▶ DATA TO PROCESS
- - -

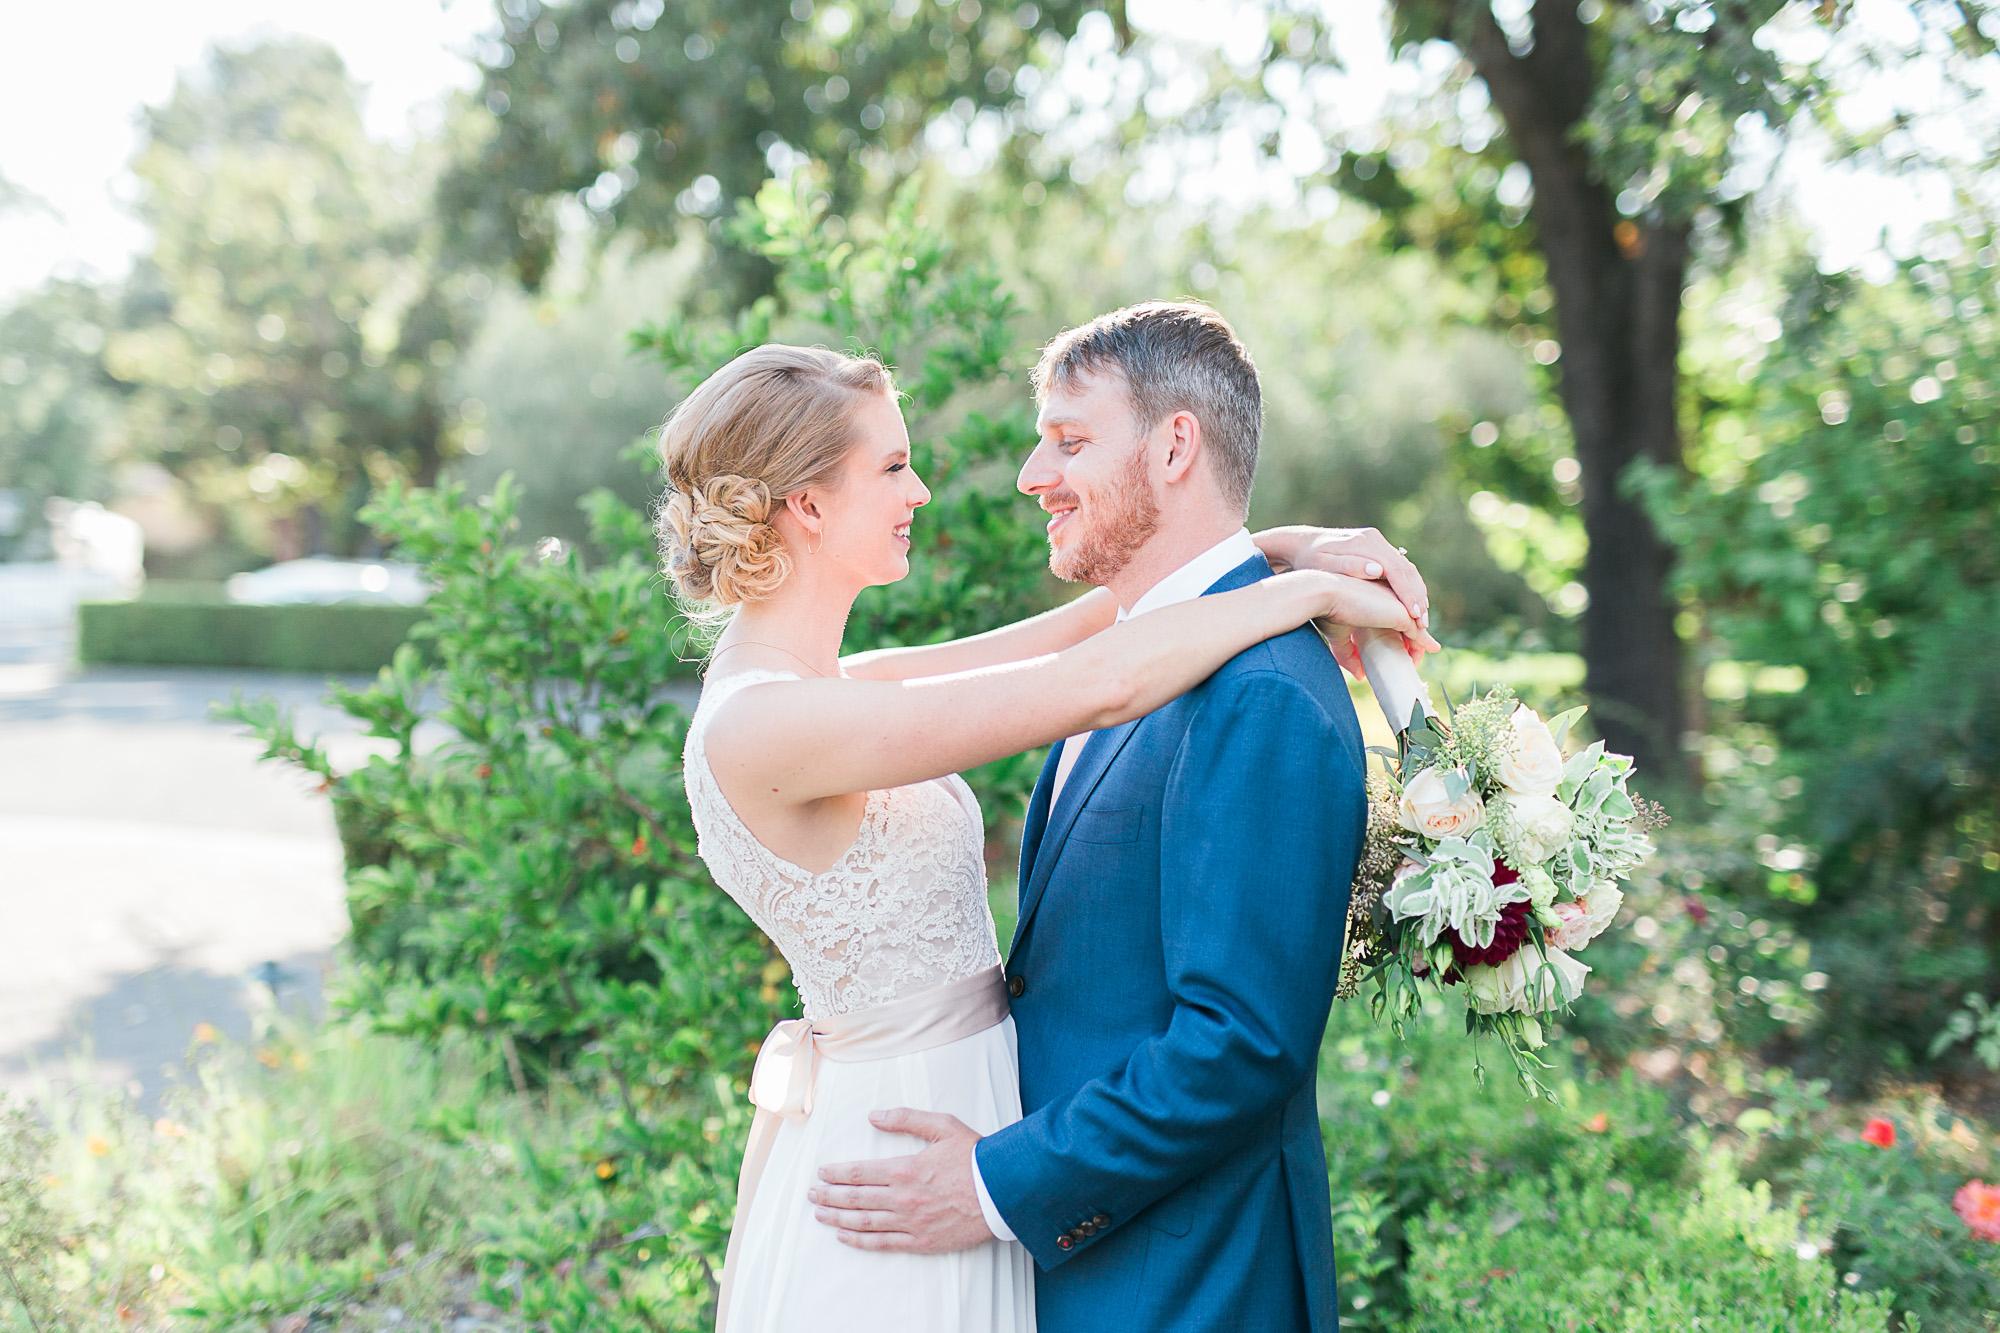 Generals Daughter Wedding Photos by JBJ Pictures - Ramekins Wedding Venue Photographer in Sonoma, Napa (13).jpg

- - -

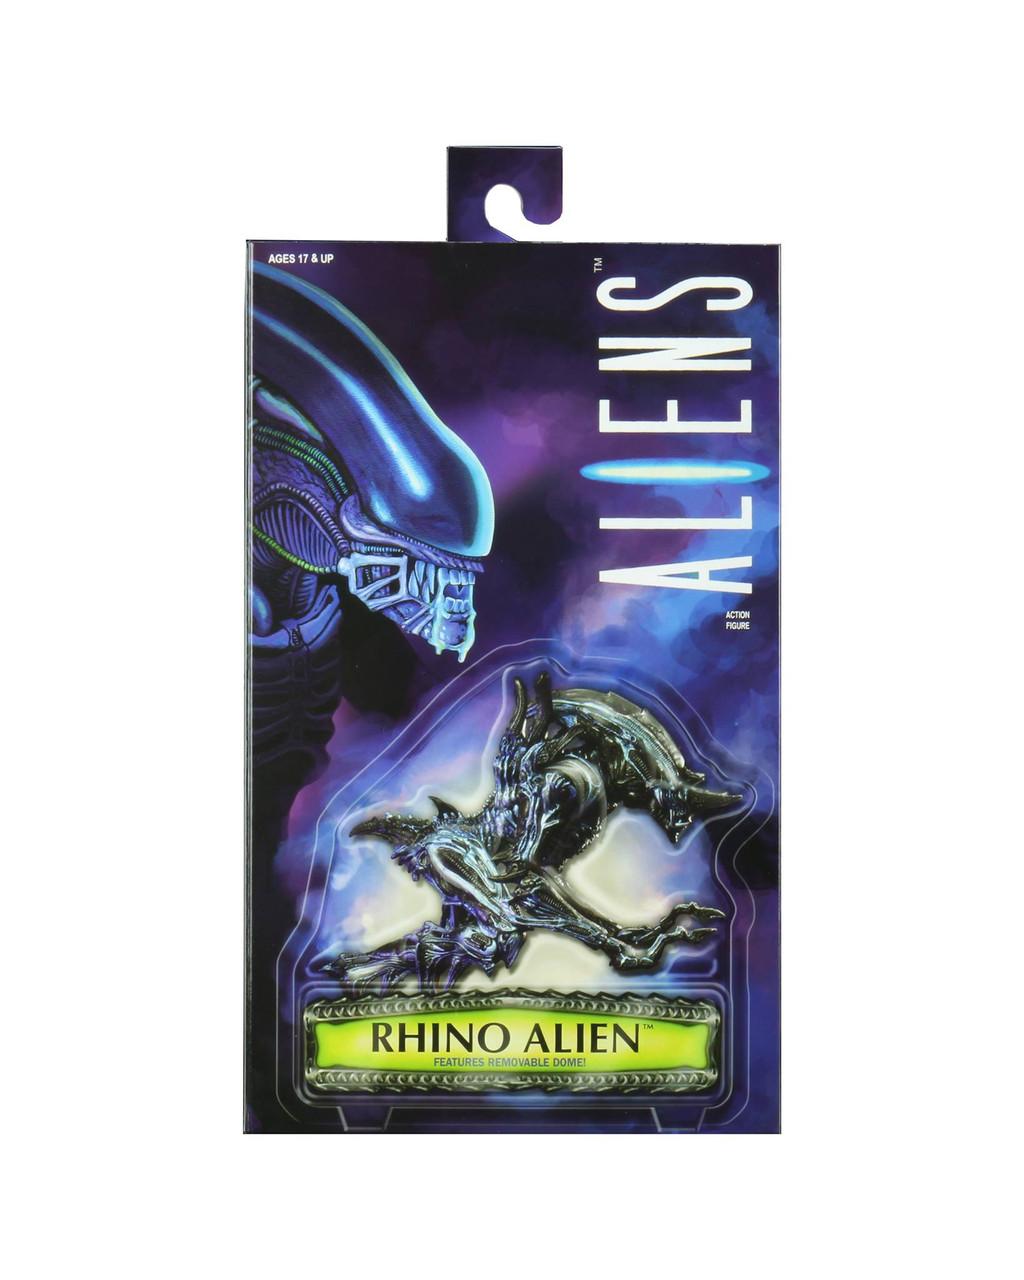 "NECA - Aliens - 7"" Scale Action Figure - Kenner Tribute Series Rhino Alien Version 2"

- - -

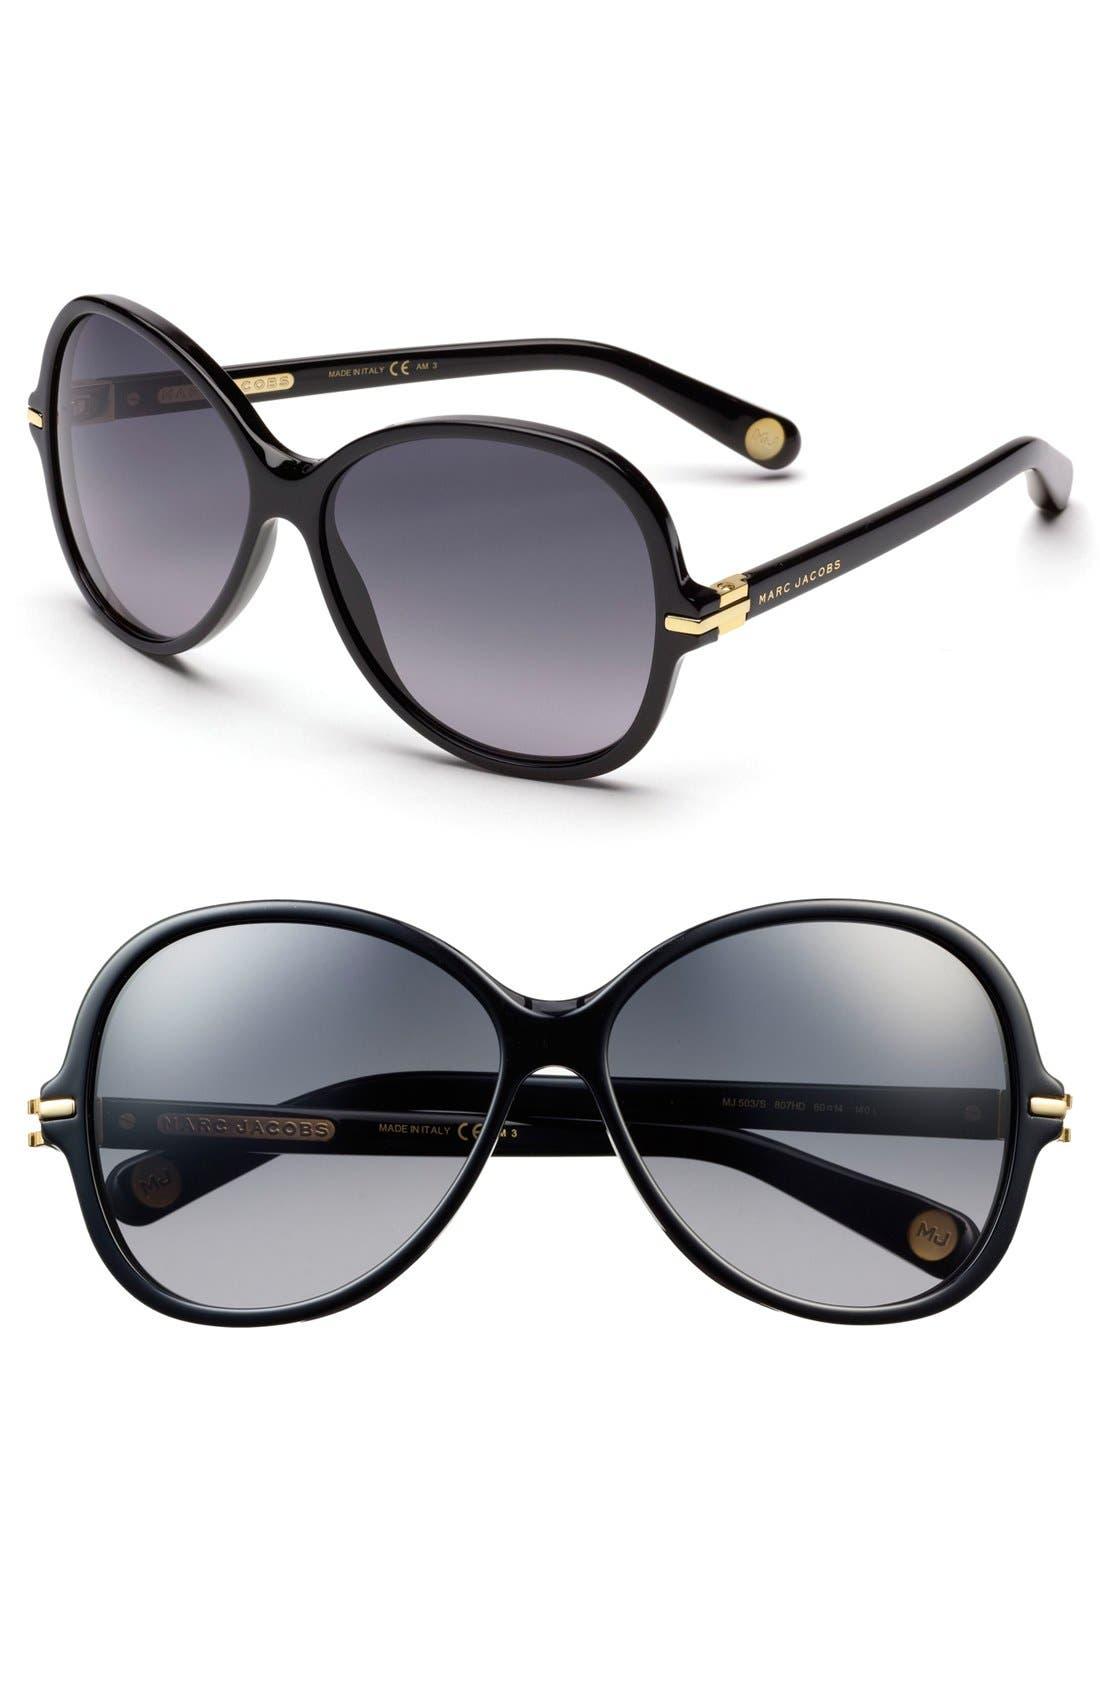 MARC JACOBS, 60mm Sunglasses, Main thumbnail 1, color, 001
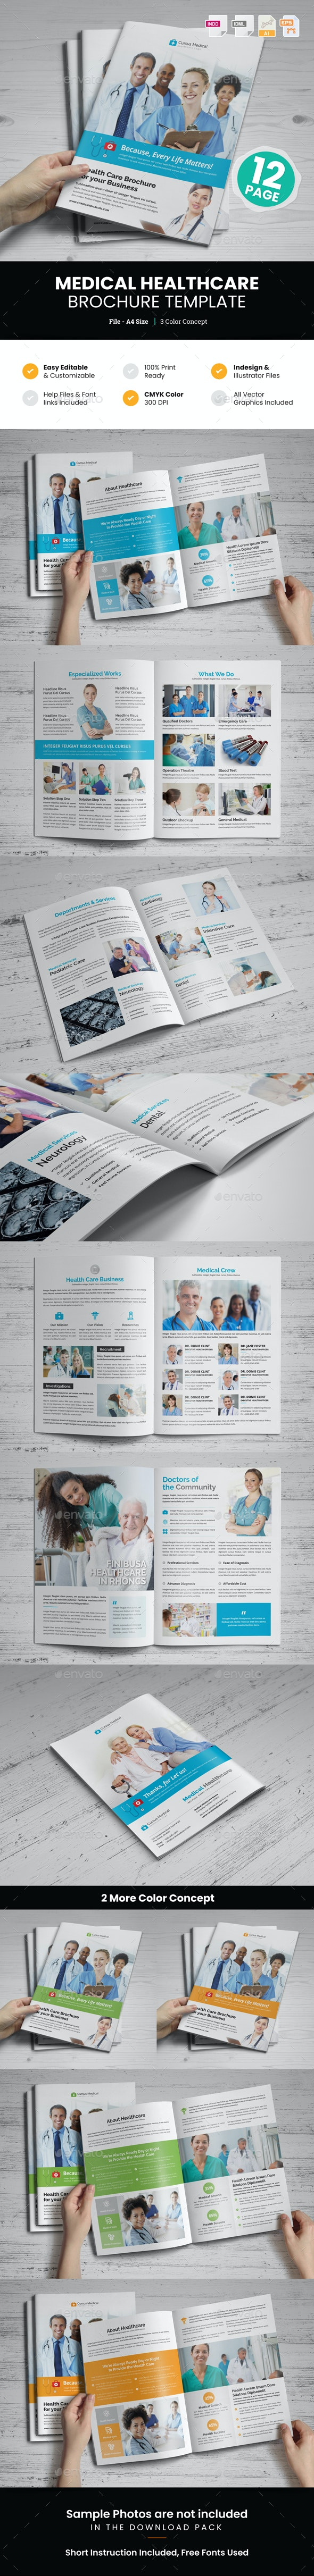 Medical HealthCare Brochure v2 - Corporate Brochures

- - -

▶ TASK TO CARRY OUT
In the records above, copy exactly everything from the line that has "MARC JACOBS, 60mm" down to the line that has "Medical HealthCare Brochure", both ends included, and leave out the pictures.

▶ RESPONSE
 MARC JACOBS, 60mm Sunglasses, Main thumbnail 1, color, 001
 Medical HealthCare Brochure v2 - Corporate Brochures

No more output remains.